De­spite our as­so­ci­at­ing open-world games with free­dom and agency, they are of­ten more au­thored than they ap­pear. Ubisoft does not sic a staffer on a four­month project to build an in-game Arc De Tri­om­phe be­cause a player might get a kick out of see­ing it there, per­haps even climb­ing it. It does so be­cause set­ting a mis­sion or two in, around and on top of a world-fa­mous land­mark is a bul­let point on the in­tro page of As­sas­sin’s Creed’s de­sign doc­u­ment. Look, we made Big Ben. You’re go­ing to jolly well climb it.

It wouldn’t be fair to sin­gle out Ubisoft, of course, though so much of the pub­lisher’s out­put is set in an open world that it is surely the most fre­quent of­fender, if not the worst. Avalanche’s New York stu­dio made Just Cause 3, but its Stockholm par­ent made a col­lec­tathon of its own ear­lier this year with Mad Max. And the New York team’s game has its share of col­lectibles too. Weapon parts are buried in far-off cor­ners, a full set giv­ing you pow­er­ful new guns. Light all Medici’s lit­tle road­side shrines to fallen rebels, and you un­lock fast travel, for free, to any­where on the map. There are Gen­eral Di Ravello’s au­dio diaries. There are even hid­den an­cient tombs. Ac­cord­ing to the stats screen, any­way. Forty hours in, we’ve found a few weapon parts, lit a few shrines, played back a few crackly old tapes. But tombs? We are yet to find a sin­gle one.

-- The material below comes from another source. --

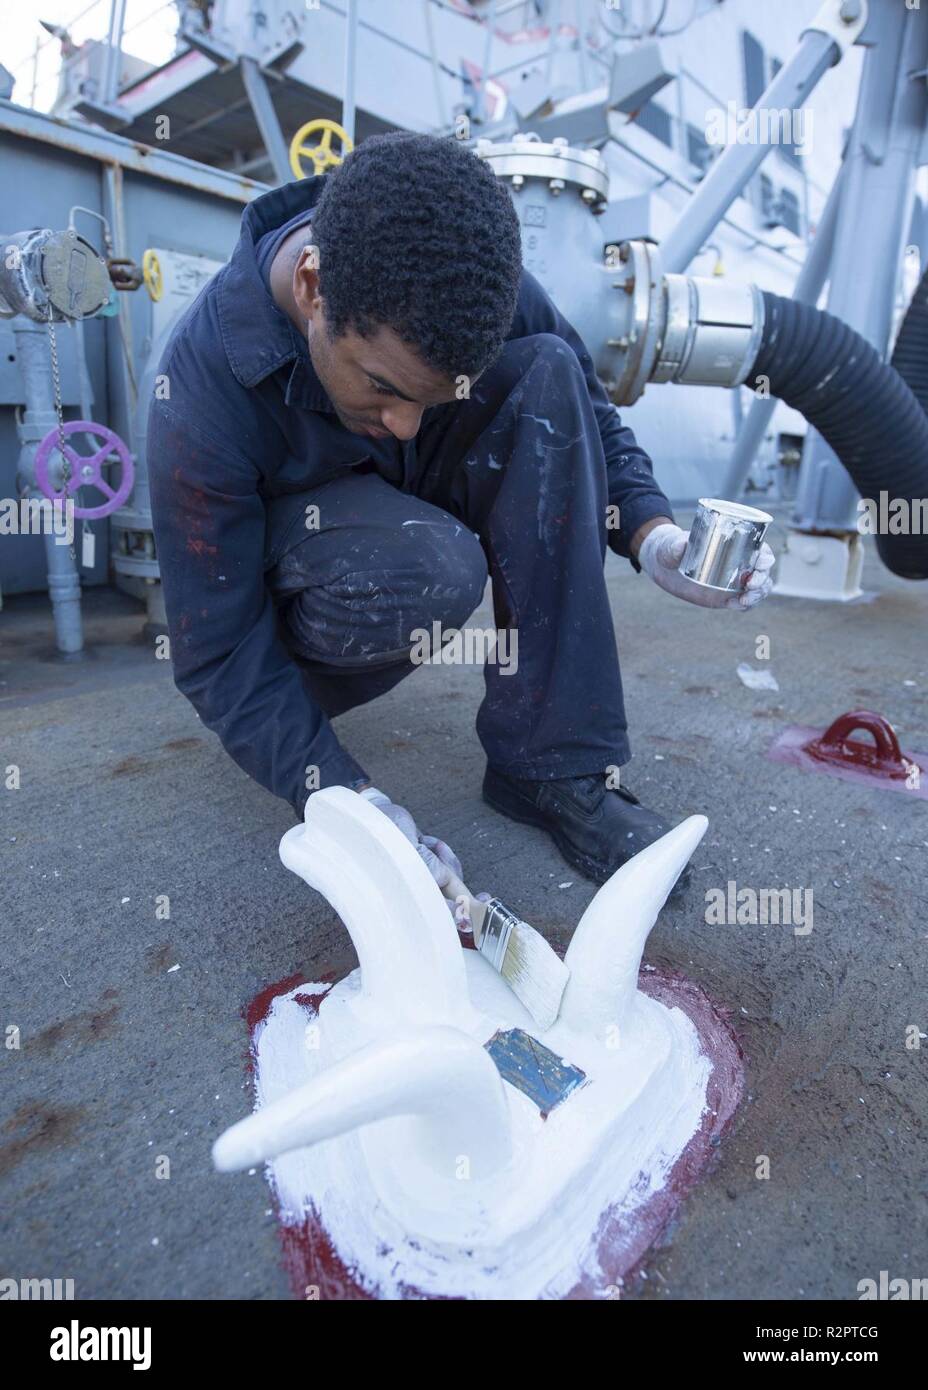 MEDITERRANEAN SEA (Oct. 29, 2018) Boatswain’s Mate 3rd Class Erick Anderson paints a deck fixture aboard the Arleigh Burke-class guided-missile destroyer USS Arleigh Burke (DDG 51) in the Mediterranean Sea Oct. 29, 2018. Arleigh Burke, homeported at Naval Station Norfolk, is conducting naval operations in the U.S. 6th Fleet area of operations in support of U.S. national security interests in Europe and Africa. Stock Photo

That’s pre­cisely as it should be, surely: we should have to ac­tu­ally find this stuff. They should be called dis­cov­er­ables, not col­lectibles; a re­ward for ex­plo­ration, not just for mov­ing from dot to dot on a map that is over­flow­ing with icons. Avalanche even treats Medici’s towns, out­posts and mil­i­tary bases in this way: you have to find them be­fore they’re marked on your map. With six of seven set­tle­ments in a given prov­ince set free, you con­sult your map for po­ten­tial signs of the fi­nal one. Is it that clus­ter of build­ings by a road­side? Per­haps that clear­ing half­way up a moun­tain? Or the small is­land a few miles off in the dis­tance? There’s only one way to be sure. Use your grap­ple hook, parachute and wing­suit to get up in the air, then go and find out for your­self. Per­haps, then, it is Just Cause 3’ s unique ap­proach to tra­ver­sal that en­ables its de­vel­oper to take away the reins. Comb­ing ev­ery inch of a Rock­star or Ubisoft world would be painstak­ing in the ex­treme – driv­ing cars up ev­ery hill­side, set­ting foot on ev­ery rooftop. You can quickly ex­plore Medici by he­li­copter or aero­plane, your map fill­ing in as you soar on high in the sky. But Ro­driguez’s abil­i­ties work so well in con­cert with one an­other, and are so sat­is­fy­ing to use, that a speed­ier al­ter­na­tive feels a lit­tle like us­ing a cheat code.

And along the way you make up your own things to do – just as you should in a game that fan­cies it­self a sand­box. Those road­side build­ings were, in fact, a petrol sta­tion; can you send the whole lot up in flames with a sin­gle bul­let? It turns out there was noth­ing up that moun­tain, but can you wing­suit down through the for­est on the other side? It must be the far-off is­land, then – can you cross four kilo­me­tres of sea us­ing only your abil­i­ties, grap­pling to the odd pass­ing ve­hi­cle for a handy boost of mo­men­tum?

Through­out, you’ll have a gen­tle de­signer’s hand pulling you along. A glimpse of some­thing red and sil­ver in the dis­tance, per­haps, in need of blow­ing up. The re­al­time leader­boards telling you a pal has beaten your freefall record when you’re hang­ing up­side down from a he­li­copter, half a mile up in the sky.

Avalanche doesn’t com­pletely get out of the way, then, but it does at least know to keep its dis­tance. Games with more pro­saic move­ment sys­tems may not be able to copy the stu­dio’s play­book to the let­ter, but Just Cause 3 is a con­vinc­ing case study that less can definitely be more. Games are get­ting big­ger all the time; do we really need them to be busier as well?